3 responses to “Page from: Emily Killian | The Shelby Star

  1. JLT

    What’s the reason for the no jump policy? We jump all our front page stories to the back page of the section. So all the reader has to do is flip the paper around. We also run 3-5 stories on the front as I see only two on this page.

  2. David Merrill

    The no-jump rule is a tremendous constraint, and I suspect it will present different challenges with each issue, not only for the designer, but also for the writers and editors. I hope your readers appreciate it.

    In this case, I can see two ways the tint might be avoided. One is to box the horse-murder story, or at least run a rule across the top and down the right side of it.
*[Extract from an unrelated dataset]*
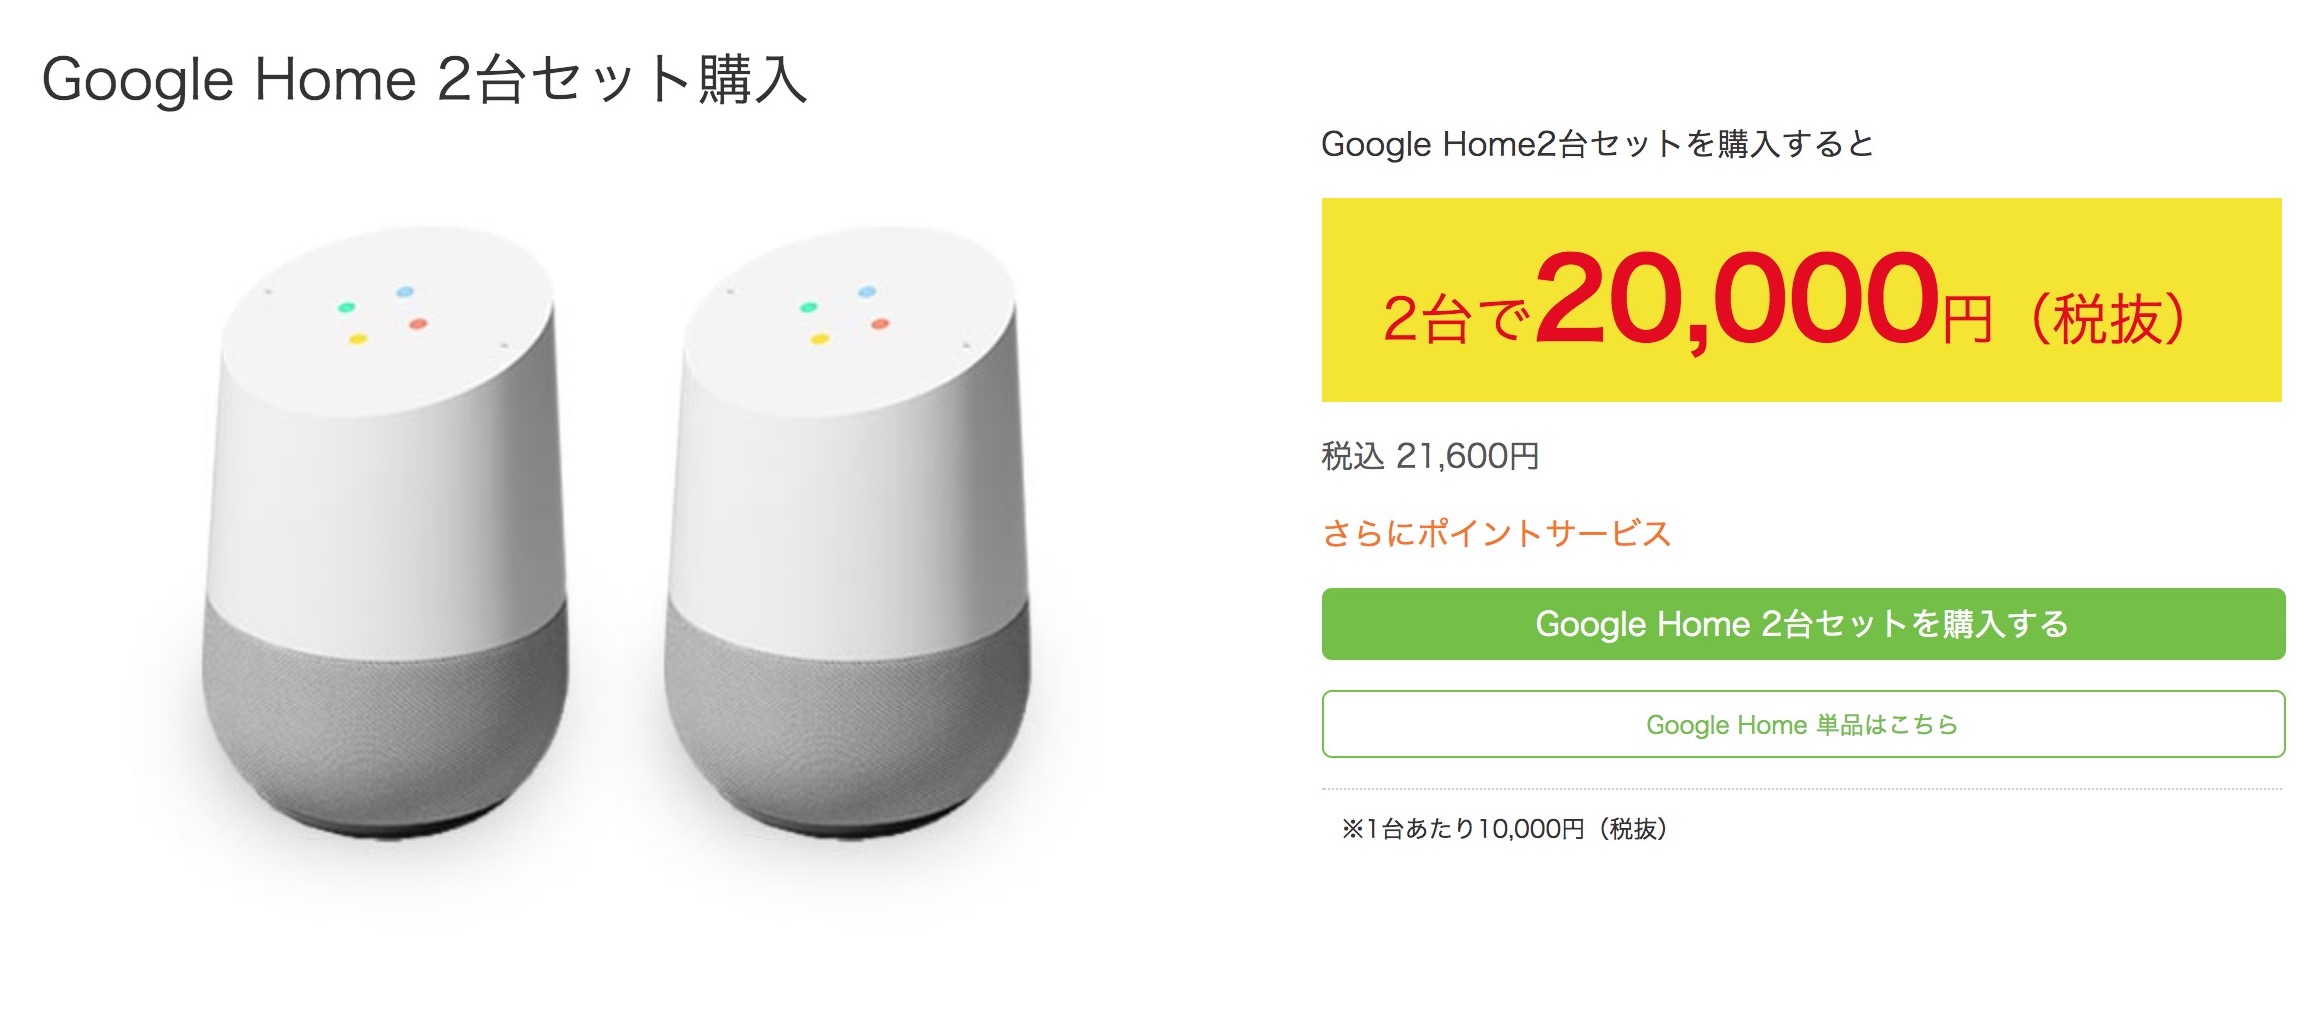 「Google Home」が発売。ビックカメラでChromecastが無料、2台セットで8,000円オフも

The other is to set it in a 2- rather than a 3-column layout. Doing both might be best, but if (as it appears) your style includes minimal use of rules, the difference in column width should be sufficient to set it off from the right-hand leg.

  3. Judy Salter

    I agree with Ed. I’ve had to segment stories because they were too long, even when we jumped them. If you really read the story carefully, you’ll see several stories there. Might even have been two stories in the horse story. Many years ago I was chastised about using screens. Then I worked for an editor who loved them and ran a screen, no matter what color was in the front page position. AND he loved running reverse type. So one day, a very big front page story ran reverse on yellow. No one had a clue what the story was!